Following the experience, the mind-swap experiment soon gives Rimmer an idea on how to be able to enjoy life again. He promptly convinces Lister to swap bodies with him for two weeks, offering to get his body back into shape. Lister soon regrets the decision when Rimmer abuses his body by overindulging himself in the pleasures he had been denied for so long, thus failing to uphold his end of the bargain. Although Lister recovers his body, Rimmer coerces Kryten to chloroform him so he can reacquire it. Angered by what he did, Lister, along with Cat and Kryten, pursue after Rimmer when he absconds in a Starbug with a full freight of junk food. The chase causes Rimmer to crash, whereupon he is forced to return Lister his body. Some time later, Lister notices Rimmer acting strangely when he enters their quarters, and discovers that he has swapped bodies with Cat with Kryten's help again, unable to assure the pair how long he will use Cat's body for.

Production
This was the first episode to be recorded without the live studio audience. Technical difficulties of the actors playing other characters meant that the scenes would have to have been done twice. Instead the voices were dubbed over the scenes in post-production and trying to match up with lip movements caused much mirth while recording. Chris Barrie, being an impressionist, had no problems playing Lister, whereas Craig's portrayal as Rimmer was not as smooth. The final edit, with dubbed voices, was then played to a small audience to provide the laughter track.

The long chase sequence with Blue Midget and Starbug was overseen by effects supervisor Peter Wragg. Using his experience of working on shows such as Thunderbirds, he had the model ships of Starbug and Blue Midget flying on hidden wires over a scaled landscape, Starbug eventually crashing into it.

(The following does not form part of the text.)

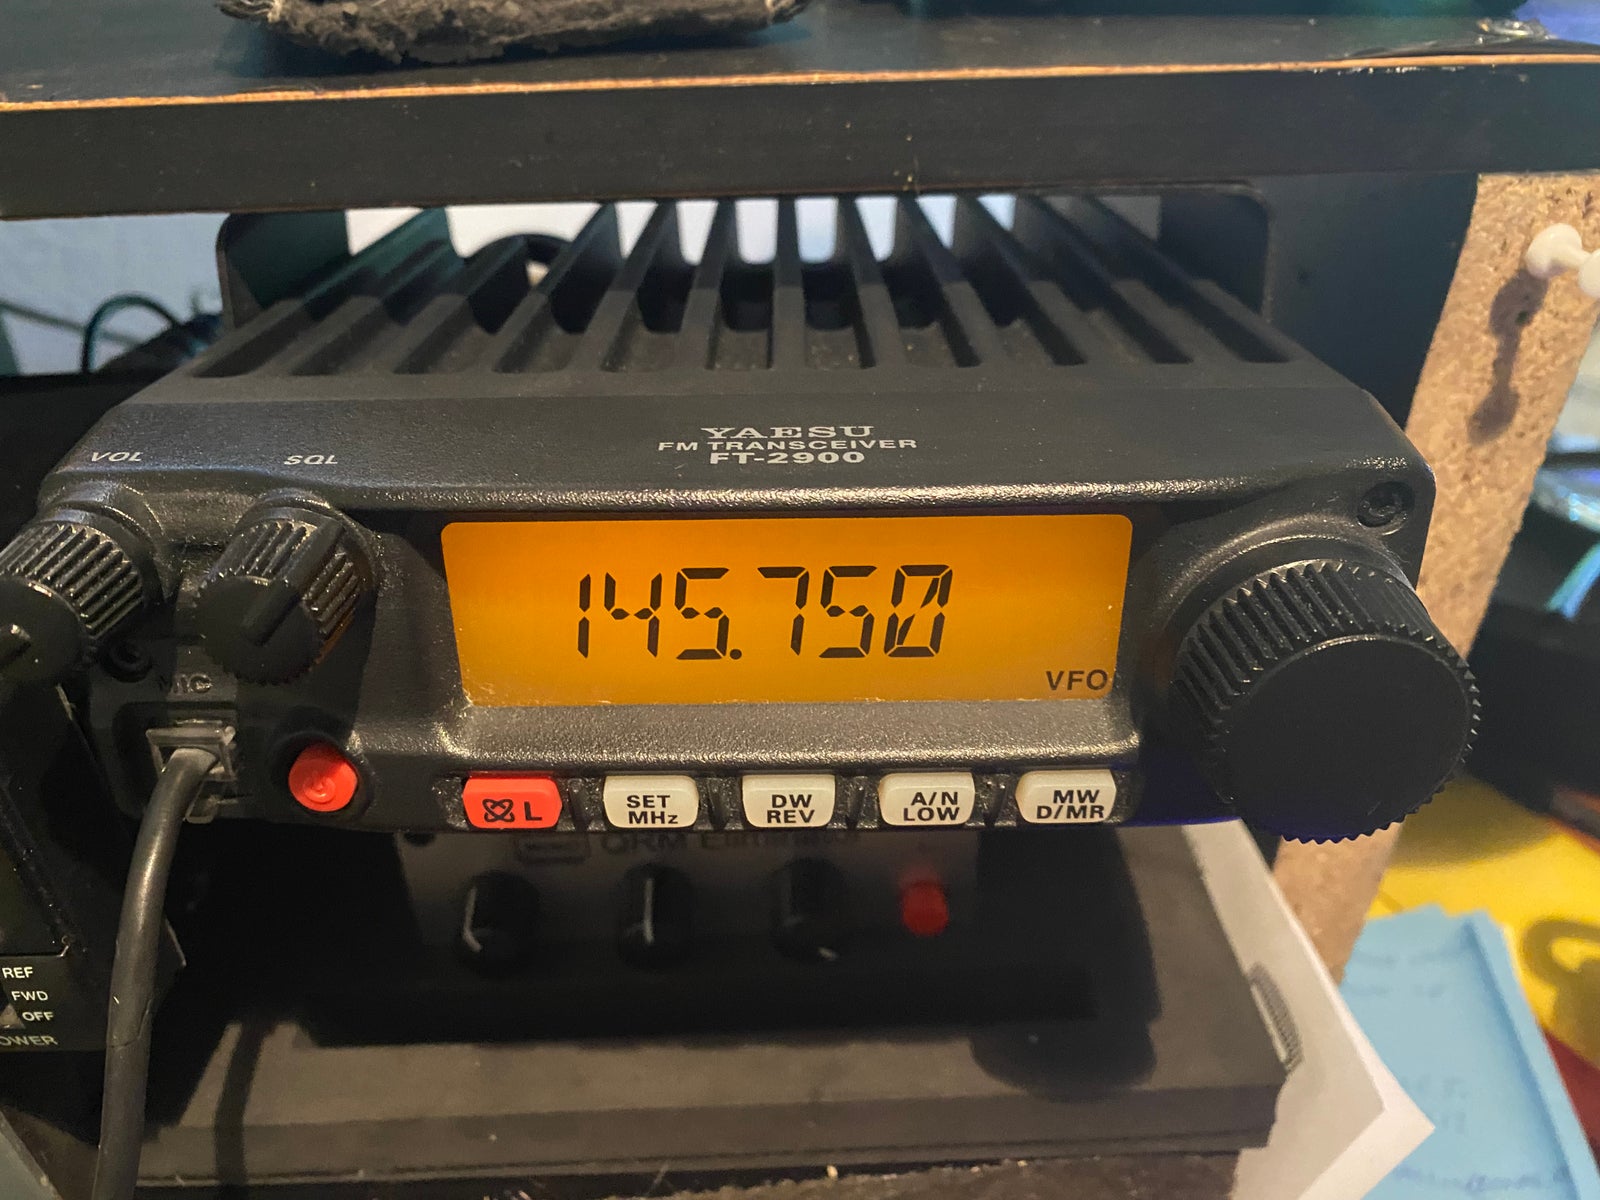 VHF FM, yaesu, 2900r

This episode has the only mention of the ship White Midget. This was a mistake on the part of the writers. In the Remastered version, Lister's voice is dubbed over so he says "The Midget" instead of "White Midget". Originally the new smaller ship that would be used was White Midget, a similar version of the Blue Midget, but then Starbug was created, which would be bigger and allow for more room to film inside.

The large interior areas of Red Dwarf were filmed inside Padiham Power Station.

Cultural references
Alfred Hitchcock is referenced by Rimmer when describing Lister's silhouette. While using the toilet with Lister's body, Rimmer hums The Grand Old Duke of York tune to himself. It is from this experience that Rimmer references Star Trek'''s Spock when describing Lister's urine. Rimmer also recites Clint Eastwood's line from Sudden Impact.

Reception
The episode was originally broadcast on the British television channel BBC2 on 5 December 1989 in the 9:00pm evening time slot.

Remastering

The remastering of Series I to III was carried out during the late 1990s. General changes throughout the series included replacement of the opening credits, giving the picture a colour grade and filmising, computer generated special effects of Red Dwarf and many more visual and audio enhancements.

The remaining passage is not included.